Both Tapp and Nguyen explained that the rise in underlying inflation, after volatile goods have been removed, has two potential explanations. One is that the rising volatile prices feed back into core, because everything is shipped or needs energy or has imported components.
The other is that as inflation rises, everybody expects it to keep rising, so businesses plan price hikes to keep up with expected inflation and workers try to do the same with their wages.
Tom Velk, an economist at Montreal's McGill University, and a self-described conservative and advocate of monetarist economics, insists there is another reason core inflation is rising: too much money flooding into the economy. Although monetarism is out of fashion, notably among central bankers, he is not alone in that view.
"When there's a huge amount of money everywhere, all prices go up," Velk told me from his farm in Vermont, where he said locally produced eggs have shot up to nearly $8 Cdn a dozen. Velk insists there's "too much damn money" — and until it is soaked up with lower government spending and less central bank stimulus, core inflation is not going away.
Wages not keeping up
But if there really is too much money out there, the problem is that not enough of it is going to the people doing the work, according to Kaylie Tiessen, an economist and policy analyst at Unifor, Canada's biggest private-sector union.
If Canadians are falling behind, the reason is not strictly because prices are rising.
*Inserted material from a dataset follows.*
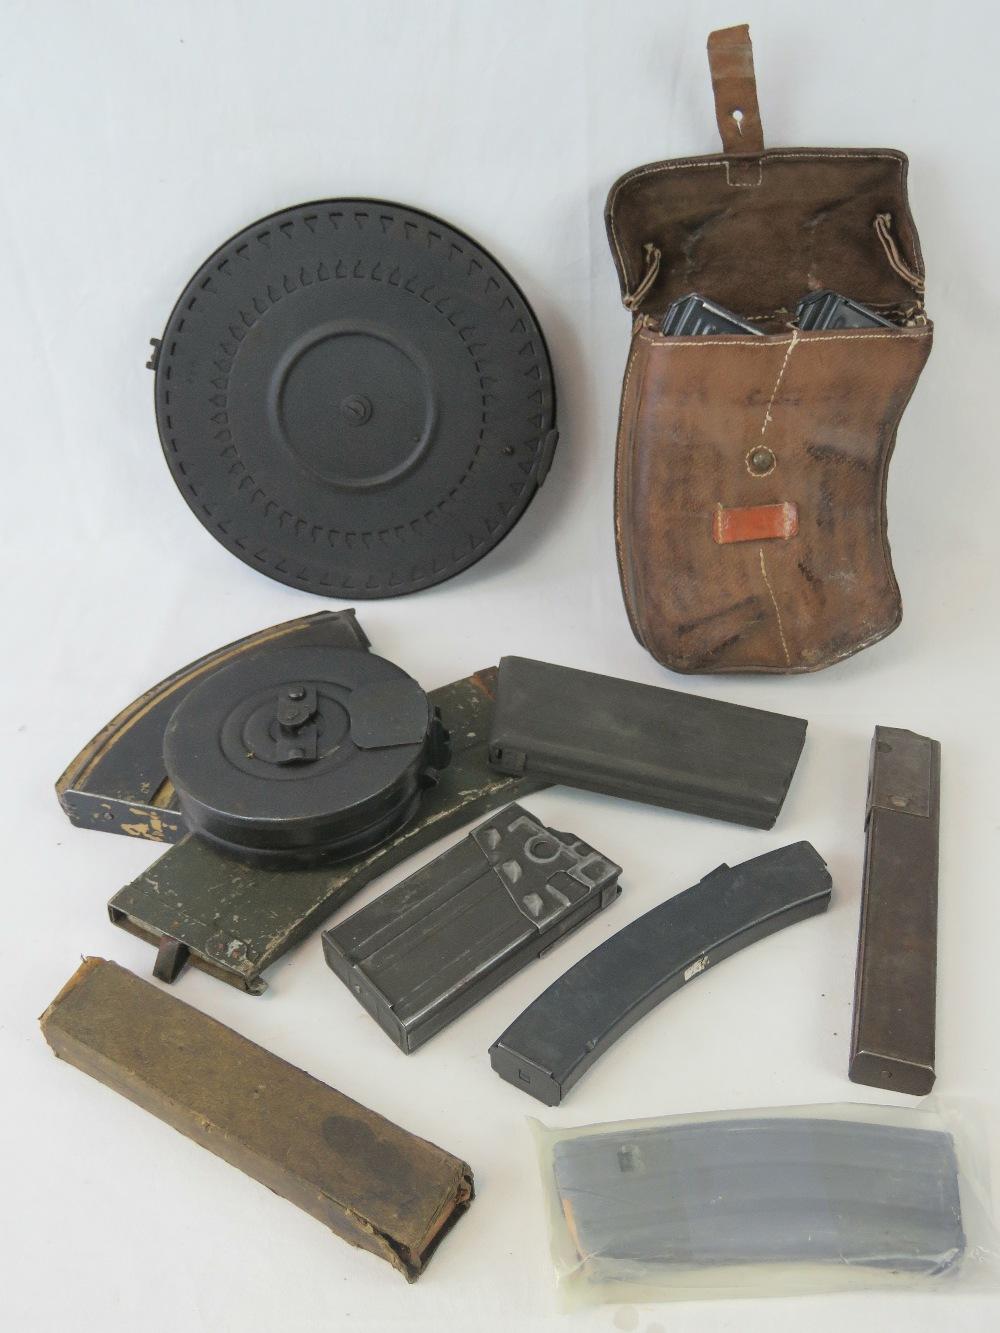 Lot 6 - A quantity of assorted machine gun magazines including; M16, PPsh41, H+K G3, Vz58, Sten, etc.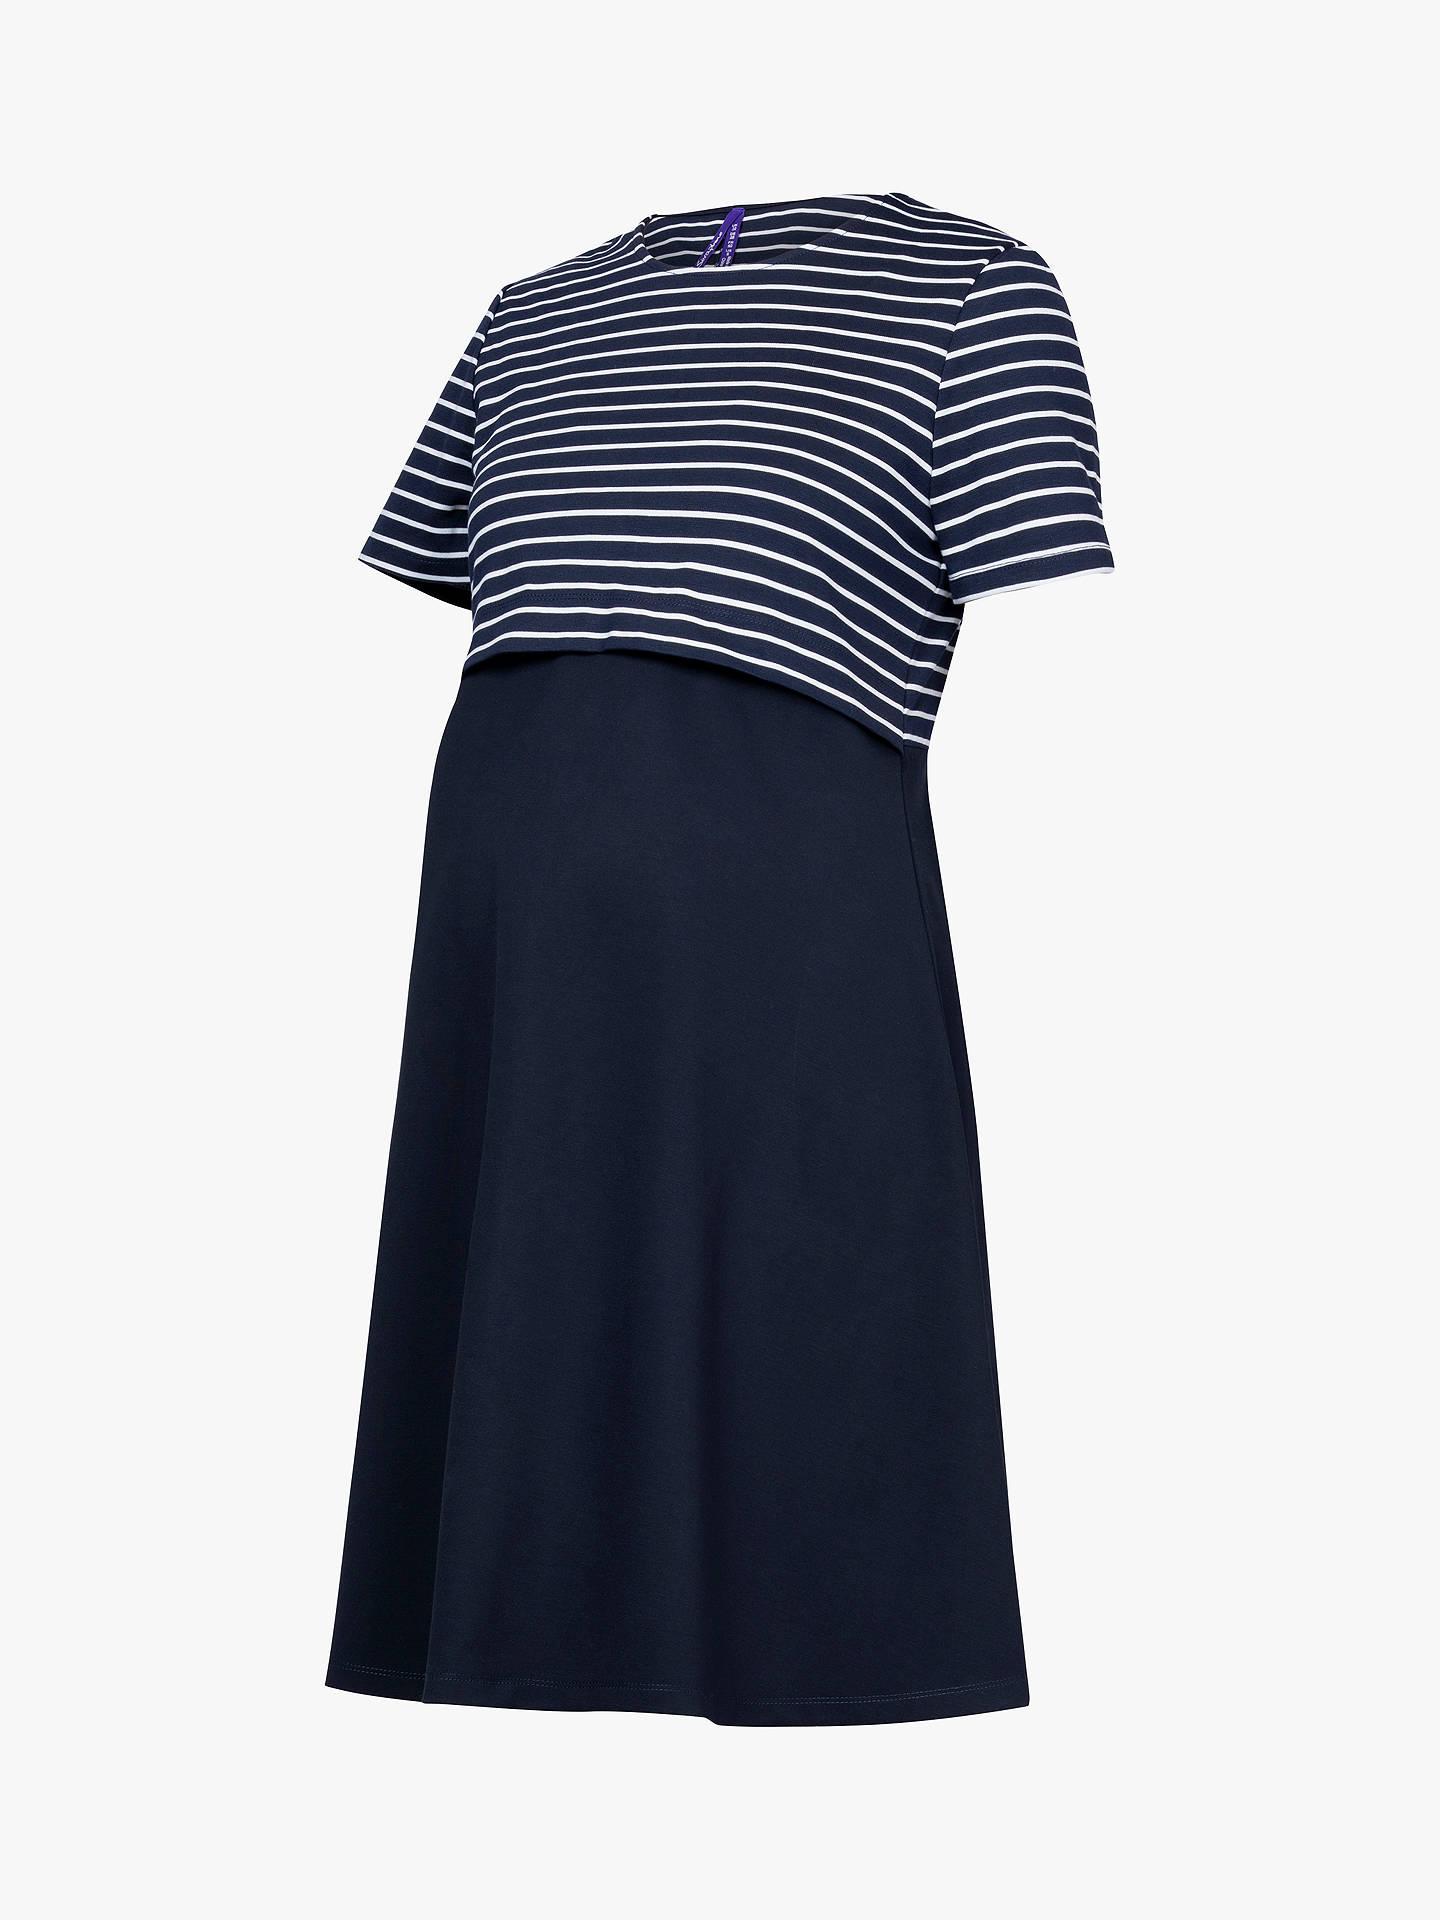 ae95540d08b Buy Séraphine Bethany Maternity Dress

The problem is that over the past year as inflation surged above five per cent, incomes have failed to keep pace.
"And it means workers are losing purchasing power," Tiessen said in a phone conversation last week.
LISTEN | How inflation creates even more inflation:
Of course, not all employees are losing. Sobeys' warehouse workers recently negotiated a four-year deal that included a wage increase of 20 per cent over the life of the contract. People who have studied the economics of rising wages and prices in the past say that one of the advantages of inflation is that it acts as an economic lubricant for wage and price adjustment, allowing everyone to get an increase — even though some workers and sellers get more and some get less according to demand in that sector.
Recently, the governor of the Bank of England, Andrew Bailey — who critics noted earned hundreds of thousands of pounds a year — faced a backlash when he warned British workers not to demand higher wages as inflation rose for fear of making inflation worse. Tiessen hears something similar when Canadian and U.S. authorities warn of a wage-and-price spiral.
In fact, she said that despite rising core inflation, there may be a danger in raising interest rates before workers have caught up.
"We definitely cannot put ourselves in a position where workers are always losing out," she said. "We should not put ourselves in that position, as an economy, at all."
Tiessen said a growing gap between the price of necessities and the ability of Canadians to buy them is not just bad for workers and their families. She said it hurts the entire economy when total spending power shrinks. She worries that in the worthy effort to save the economy from the effects of the pandemic, the concept of inclusive economic growth, an area where Unifor has been a strong advocate, has been forgotten.
A few months ago, when core inflation seemed safely stuck at two per cent, it may have been reasonable for central bankers here and in the United States to be patient and let the economy take its course. But now that the once-stable measure of generalized inflation has begun to shift sharply higher, it seems almost certain that the banks will try to rein it in with higher interest rates.
But if the Bank of Canada and the U.S. Federal Reserve begin to crack down on "everything inflation" with higher interest rates while wages continue to fall behind, it will be up to elected officials to make sure that the ordinary people who vote them into office are not the ultimate losers.